Individual nested t-tests conducted to examine hemispheric differences within the surgery groups revealed no significant differences in soma area between the contralateral and ipsilateral hemispheres of the Sham group, F_(1,4) = 0.20, p > 0.05 (Fig. 5C). However, the TBI group exhibited a significant hemispheric effect, F_(1,28) = 8.35, p < 0.01, with the ipsilateral nbM showing a significant reduction in soma area (971.6 ± 52.16 μm²) compared to the contralateral nbM (1122.0 ± 52.16 μm²) as demonstrated in Figure 5D.

A nested t-test revealed no group differences in ChAT+ soma volume (μm³) in the contralateral nbM, F_(1,4) = 0.25, p > 0.05 (Fig. 5E). A significant difference was observed in the ipsilateral nbM, F_(1,4) = 7.97, p < 0.05, with the TBI group exhibiting a significant reduction in ChAT+ soma volume (μm²) (2438 ± 262.8 μm³) compared to the Sham group (3180 ± 262.8 μm³) (Fig. 5F). Individual nested t-tests were conducted to examine hemispheric differences within surgery groups. No significant differences were observed in soma volume between the contralateral and ipsilateral hemispheres of the Sham group, F_(1,4) = 0.13, p > 0.05 (Fig. 5G). However, a significant hemispheric effect was noted in the TBI group, F_(1,28) = 5.01, p < 0.05, with the ipsilateral nbM (i.e., the side of injury) exhibiting a significant reduction in soma volume (2438 ± 184.1 μm³) compared to the contralateral nbM (2850 ± 184.1 μm³; Fig. 5H).

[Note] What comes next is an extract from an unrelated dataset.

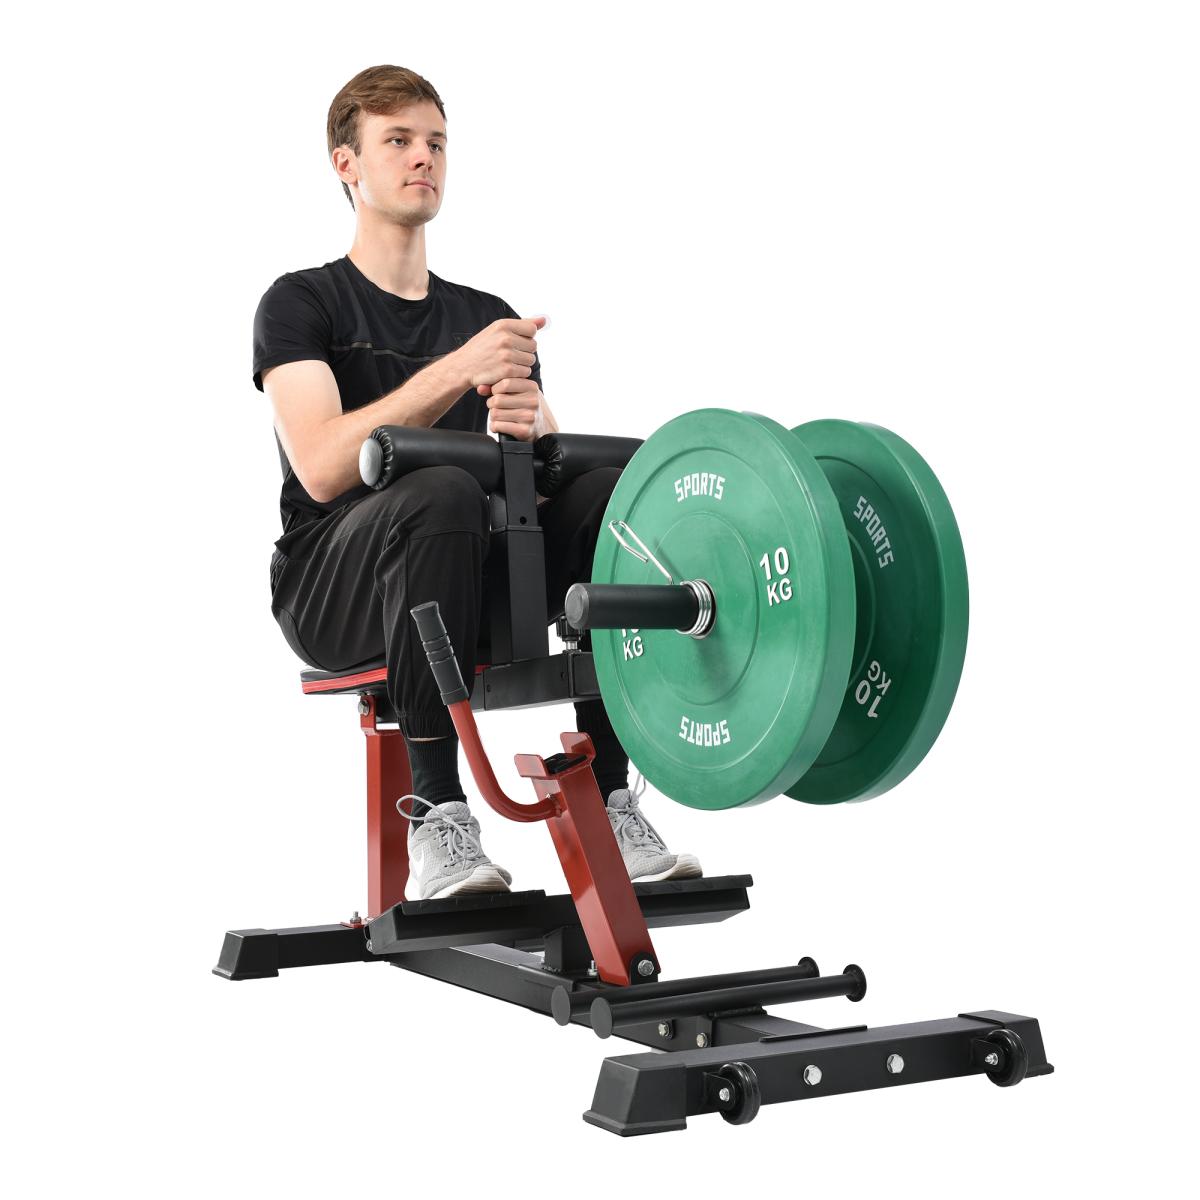 Adjustable Seated Calf Raise Machine,Calf Raise Machine with Band Pegs,Leg Trainer Home Gym

A nested t-test revealed no group differences in ChAT+ filament volume in the contralateral, F_(1,4) = 0.10, p > 0.05 (Fig. 6A), or the ipsilateral nbM, F_(1,28) = 1.09, p > 0.05 (Fig. 6B), between the Sham (contralateral: 997.3 ± 321.4 μm³; ipsilateral: 841.8 ± 196.3 μm³; Fig. 6A) and TBI (contralateral: 892.4 ± 321.4 μm³; ipsilateral: 1048.0 ± 196.3 μm³; Fig. 6B) groups. Individual nested t-tests were conducted to examine hemisphere differences within surgery groups and revealed no significant differences in filament volume between the contralateral and ipsilateral nbM of the Sham, F_(1,4) = 0.12, p > 0.05, and TBI, F_(1,28) = 0.25, p > 0.05, groups.

FIG. 6.

TBI does not alter cholinergic neurite morphology in the nbM. ChAT+ neurites were reconstructed in 3D using IMARIS from z-stack fluorescence images acquired in the nbM. Each data point represents the mean of five ROIs within a single section, yielding five data points per hemisphere per rat. Nested statistical analysis was performed, with sections treated as technical replicates nested within biological replicates. (A, B) Mean (±SEM) ChAT+ filament volume (μm³) in the (A) contralateral and (B) ipsilateral nbM between the Sham and TBI groups. (A) In the contralateral nbM, no statistical differences were found in filament volume between the Sham and TBI groups (p > 0.05). (B) In the ipsilateral nbM, no statistical differences were found in filament volume between the Sham and TBI groups (p > 0.05). (C, D) Mean (±SEM) ChAT+ filament area (μm²) in the (C) contralateral and (D) ipsilateral nbM between the Sham and TBI groups. (C) In the contralateral nbM, no statistical differences were found in filament area between the Sham and TBI groups (p > 0.05). (D) In the ipsilateral nbM, no statistical differences were found in filament area between the Sham and TBI groups (p > 0.05). (E, F) Mean (±SEM) ChAT+ segment branch points in the (E) contralateral and (F) ipsilateral nbM between the Sham and TBI groups. (E) In the contralateral nbM, no statistical differences were found in segment branch points between the Sham and TBI groups (p > 0.05). (F) In the ipsilateral nbM, no statistical differences were found ChAT+ segment branch points between the Sham and TBI groups (p > 0.05). (G) Representative IMARIS renderings of cholinergic neurons. 20× z-stack fluorescence images, illustrating 3D reconstruction of ChAT+ neurites (green) in the contralateral and ipsilateral nbM in the Sham and TBI groups. Representative images are shown to illustrate morphological features of ChAT+ neurons. n = 3/group. Scale bar = 30 μm. ChAT, choline acetyltransferase; nbM, nucleus basalis of Meynert; ROI, region of interest; SEM, standard error of the mean; TBI, traumatic brain injury.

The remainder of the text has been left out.